时间:2018-07-02 22:52:26

标签: apache-spark hadoop hbase apache-zookeeper

我有一个项目,需要在本地环境中配置spark和hbase。我下载了spark-2.2.1,hadoop 2.7和hbase 1.1.8,并在独立的单节点Ubuntu 14.04 OS上进行了相应的配置。 我能够将数据从spark推送到HDFS,但不能通过hbase推送。

core-site.xml:

   <?xml version="1.0"?>
     <?xml-stylesheet type="text/xsl" href="configuration.xsl"?>
     <configuration>
         <property>
             <name>fs.defaultFS</name>
             <value>hdfs://localhost:9000</value>
         </property>
     </configuration>

hdfs-site.xml:

 [root@localhost conf]# cat hdfs-site.xml <?xml version="1.0"?>
 <?xml-stylesheet type="text/xsl" href="configuration.xsl"?>
 <configuration>
     <property>
         <name>dfs.replication</name>
         <value>1</value>
     </property>
     <property>
         <name>dfs.namenode.rpc-bind-host</name>
         <value>0.0.0.0</value>
     </property>
    <property>
         <name>dfs.namenode.servicerpc-bind-host</name>
         <value>0.0.0.0</value>
     </property> </configuration>

spark-env.sh

     [root@localhost conf]# cat spark-env.sh
     export JAVA_HOME=/usr/lib/jvm/java-8-oracle
     export SPARK_WORKER_MEMORY=1g
     export SPARK_WORKER_INSTANCES=1
     export SPARK_MASTER_IP=127.0.0.1
     export SPARK_MASTER_PORT=7077
     export SPARK_WORKER_DIR=/app/spark/tmp

     # Options read in YARN client mode

     export HADOOP_CONF_DIR=/opt/hadoop/etc/hadoop
     export SPARK_EXECUTOR_INSTANCES=1
     export SPARK_EXECUTOR_CORES=1
     export SPARK_EXECUTOR_MEMORY=1G
     export SPARK_DRIVER_MEMORY=1G
     export SPARK_YARN_APP_NAME=Spark
     export SPARK_CLASSPATH=/opt/hbase/lib/*

hbase-site.xml:

 [root@localhost conf]# cat hbase-site.xml <?xml version="1.0"?>
 <?xml-stylesheet type="text/xsl" href="configuration.xsl"?>
 <configuration>   <property>
     <name>hbase.rootdir</name>
     <value>hdfs://localhost:9000/hbase</value>   </property>   <property>
     <name>hbase.cluster.distributed</name>
     <value>true</value>   </property>   <property>
     <name>hbase.zookeeper.quorum</name>
     <value>localhost</value>   </property>

    <property>
       <name>hbase.zookeeper.property.dataDir</name>
       <value>hdfs://localhost:9000/zookeeper</value>    </property>    <property>
       <name>hbase.master.dns.interface</name>
       <value>default</value>    </property>   <property>
     <name>hbase.master.ipc.address</name>
     <value>localhost</value>   </property>   <property>
     <name>hbase.regionserver.dns.interface</name>
     <value>default</value>   </property>   <property>
     <name>hbase.regionserver.ipc.address</name>
     <value>HOSTNAME</value>   </property>

   <property>
     <name>hbase.zookeeper.dns.interface</name>
     <value>default</value>   </property>

 </configuration>

spark-defaults.conf:

  [root@localhost conf]# cat spark-defaults.conf 
     spark.master           
     spark://127.0.0.1:7077 spark.yarn.dist.files
     /opt/spark/conf/hbase-site.xml

错误: 即使将hbase lib(jars)导出到spark-env.sh中,也无法导入hbase库(例如:HBaseConfiguration)。

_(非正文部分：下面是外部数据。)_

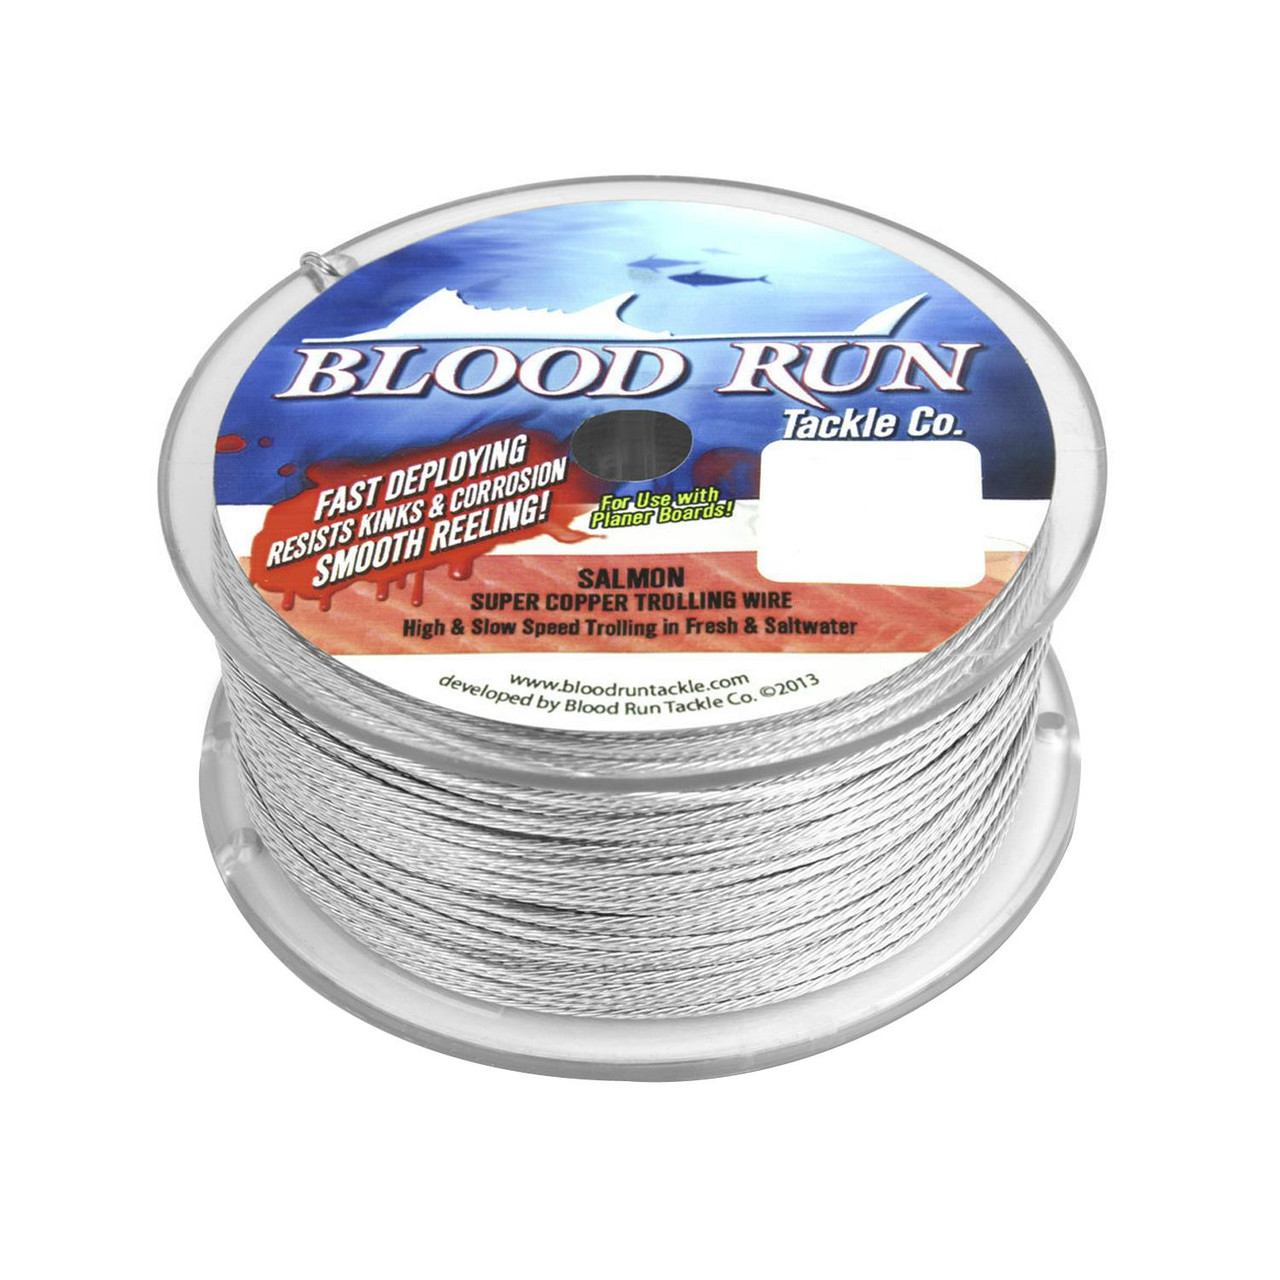  Blood Run Fishing 45lb Test Copper Fishing Line Trolling Wire  300 Feet : Lead Core And Wire Fishing Line : Sports & Outdoors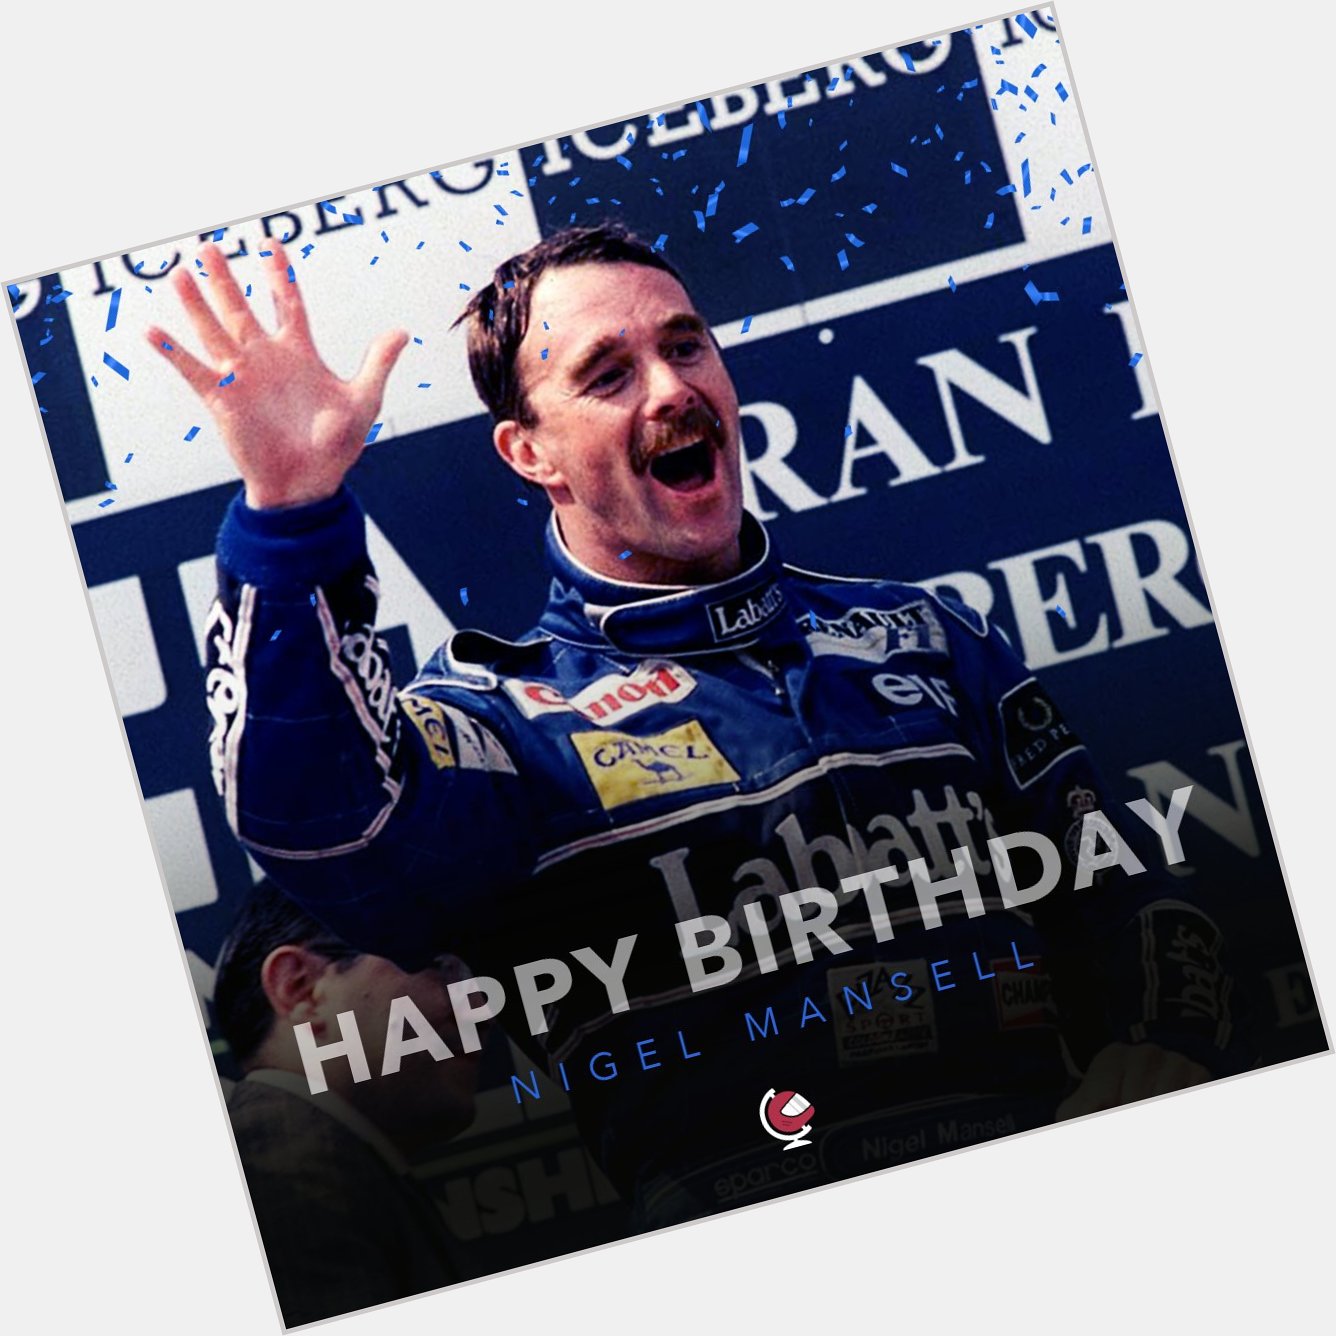 A big Happy Birthday to the one and only Nigel Mansell!

scala> import org.apache.hadoop.hbase.HBaseConfiguration
<console>:23: error: object hbase is not a member of package org.apache.hadoop
       import org.apache.hadoop.hbase.HBaseConfiguration
                                ^

如果我通过--drive-class-path加载这些jar

 spark-shell --master local --driver-class-path=/opt/hbase/lib/*

scala>     conf.set("hbase.zookeeper.quorum","localhost")

scala>     conf.set("hbase.zookeeper.property.clientPort", "2181")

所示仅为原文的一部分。